Renters are fed up, which is why they are descending on Westminster today to demand change. The Cable is fed up too. That’s why the government needs to act now to give renters the new rights and protections they deserve. 

In a cost of living crisis, and in an increasingly unaffordable and crowded city, we simply can’t afford any more delays. Something needs to be done about the cost of renting in Bristol spiralling out of control. 

In 2022, we collected data on Bristol’s broken rental market. The average rent for a 2-bed property went up from £1,283 to £1,412 from January 2022 to January 2023 – a rise of 10.1%. This comes after year-on-year rises that are pushing people out of the city. 

We spent months investigating rent controls as a possible solution to this crisis. We found out what lessons could be learnt from across the channel in the French city of Lille, where few landlords were respecting the new rent control laws because of a lack of enforcement and putting too much on responsibility to report foul play. 

In recent weeks, mayors from other parts of England signed an open letter calling for a rent freeze and pause on evictions during the cost of living crisis. This wasn’t signed by either Bristol mayor Marvin Rees or metro mayor Dan Norris, but was backed by Bristol councillor and Green Party co-leader Carla Denyer. Scotland froze rents and paused evictions for an initial 6-month period from September, and have now capped rent increases at 3% for the next six months.

Later this spring, Bristol City Council is going to publish the report from its Living Rent Commission, which is expected to advocate for Bristol to be given the power by the government to introduce rent controls locally. 

The idea of rent controls isn’t included in the Renters Reform Bill, but the government should allow local areas to explore local rent caps or look into a temporary rent freeze while a long-term policy is worked out. 

In recent months we’ve told the stories of those who are still being turfed out of their homes by no fault evictions, including a group of tenants being turfed out just before Christmas to hand over their home to a local charity, and a single mum being evicted after her agency found out she’d broken up with her partner. 

Section 21 evictions are at their highest point in Bristol since 2016, so it’s clear the move to ban these can’t come soon enough.

The experiences of renters show the need for greater regulation that prevents landlords acting with impunity. Bristol City Council has introduced more landlord licensing, committed to stamping out benefit discrimination and cracking down on the worst offenders, including yacht-owning rogue landlord Thomas Flight, who we exposed in an in-depth investigation

But many other practices are going unchecked, from letting agencies encouraging bidding wars between tenants, which has now been targeted by an ACORN campaign, landlords avoiding paying for new property licences by renting to smaller households, while others move away from private renting to lucrative short term lets and Airbnb rentals. Cash-strapped local authorities also need extra resources to investigate and punish landlords breaking the rules.
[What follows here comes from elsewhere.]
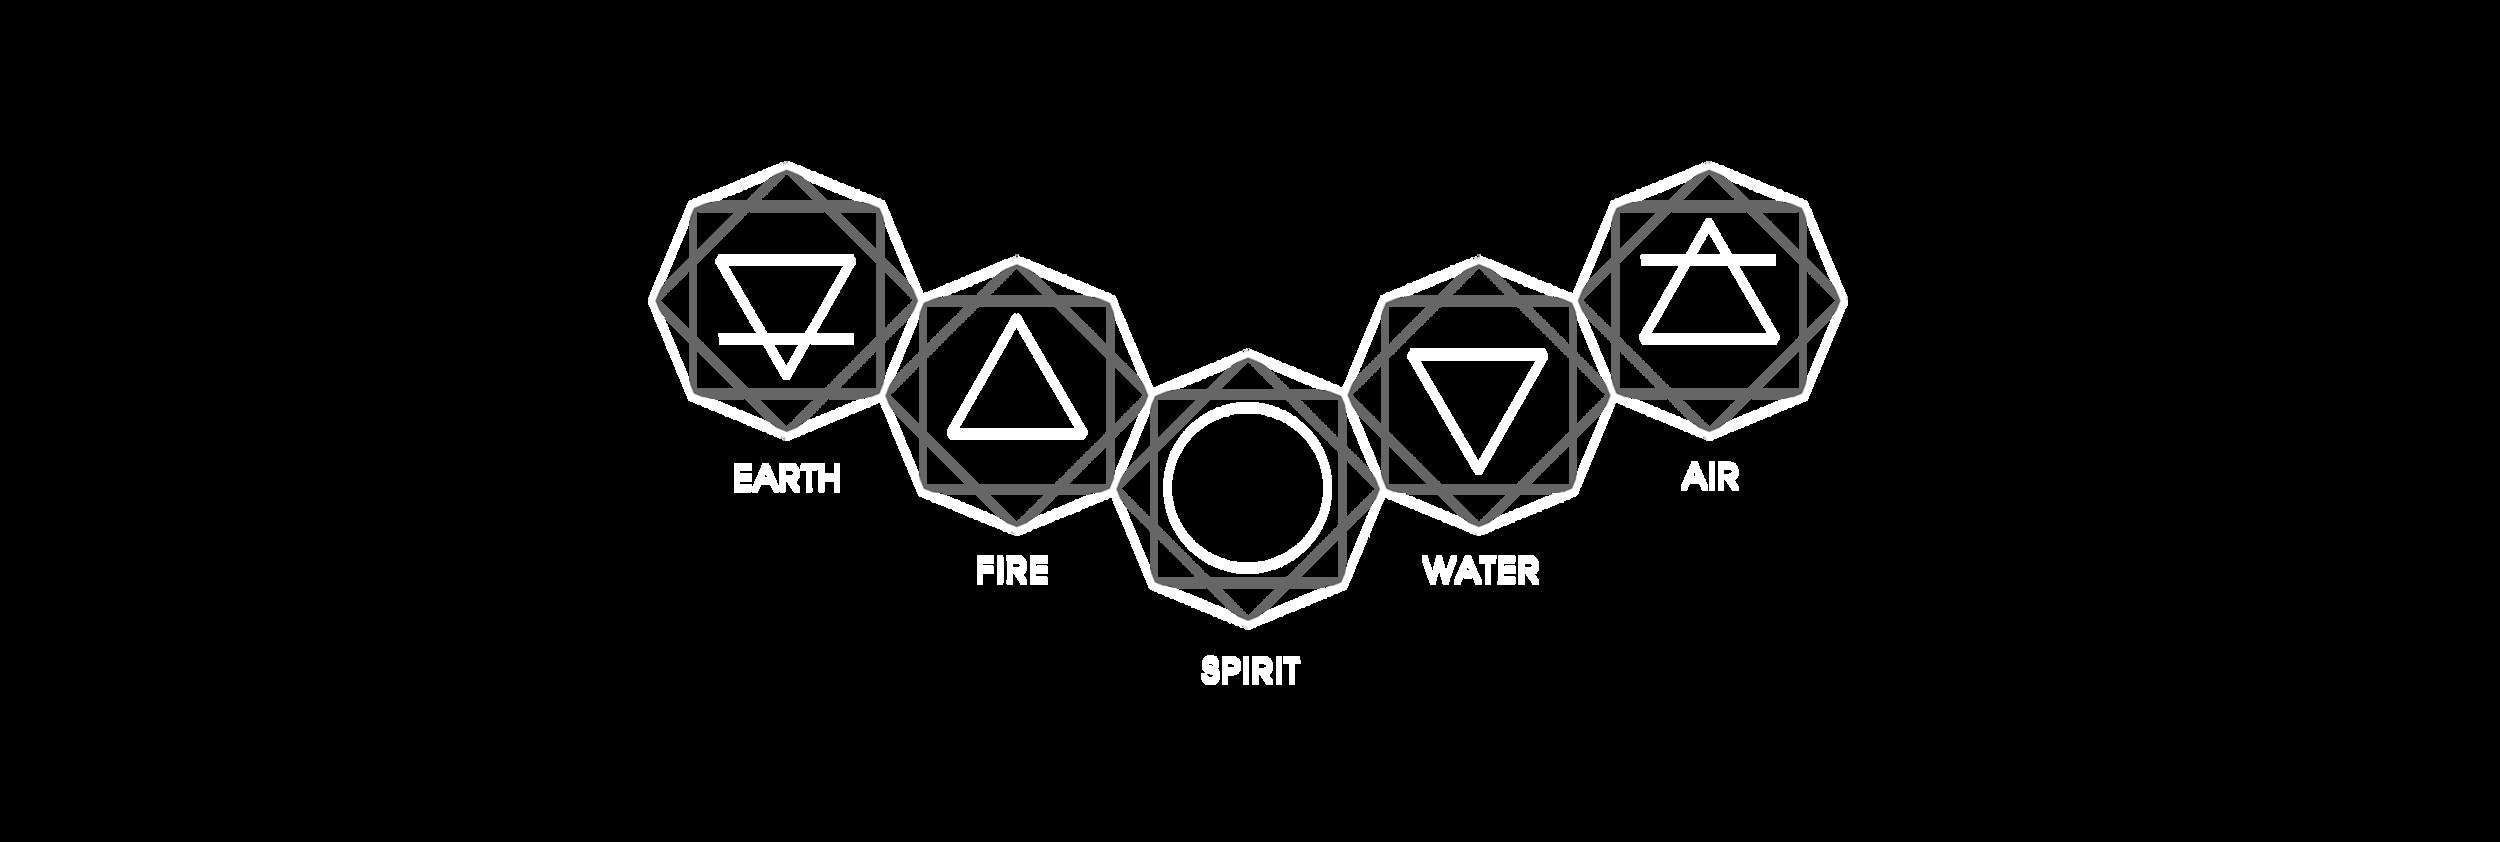 elements website3.png

Beyond banning section 21 evictions, the government’s proposals include introducing a Decent Homes Standard, on par with the standard in social housing, outlawing blanket bans by landlords on people claiming benefits, and establishing a new ombudsman to resolve disputes.

They have also committed to some kind of national landlord register that will help crack down on rogue landlords. If this doesn’t become a reality, Bristol City Council has taken matters into its own hands by committing to introducing a local rogue landlord database if a national alternative doesn’t materialise, following our reporting on the idea. As campaigners have said, it’s crucial to make these reforms watertight, avoid unintended consequences, and loopholes that landlords thinking of their bottom line will undoubtedly exploit. 

The Cable stands in solidarity with the campaigners marching in Westminster today. The long-awaited reforms need to become a reality as soon as possible and genuinely rebalance the power in favour of tenants rather than compromising with landlords.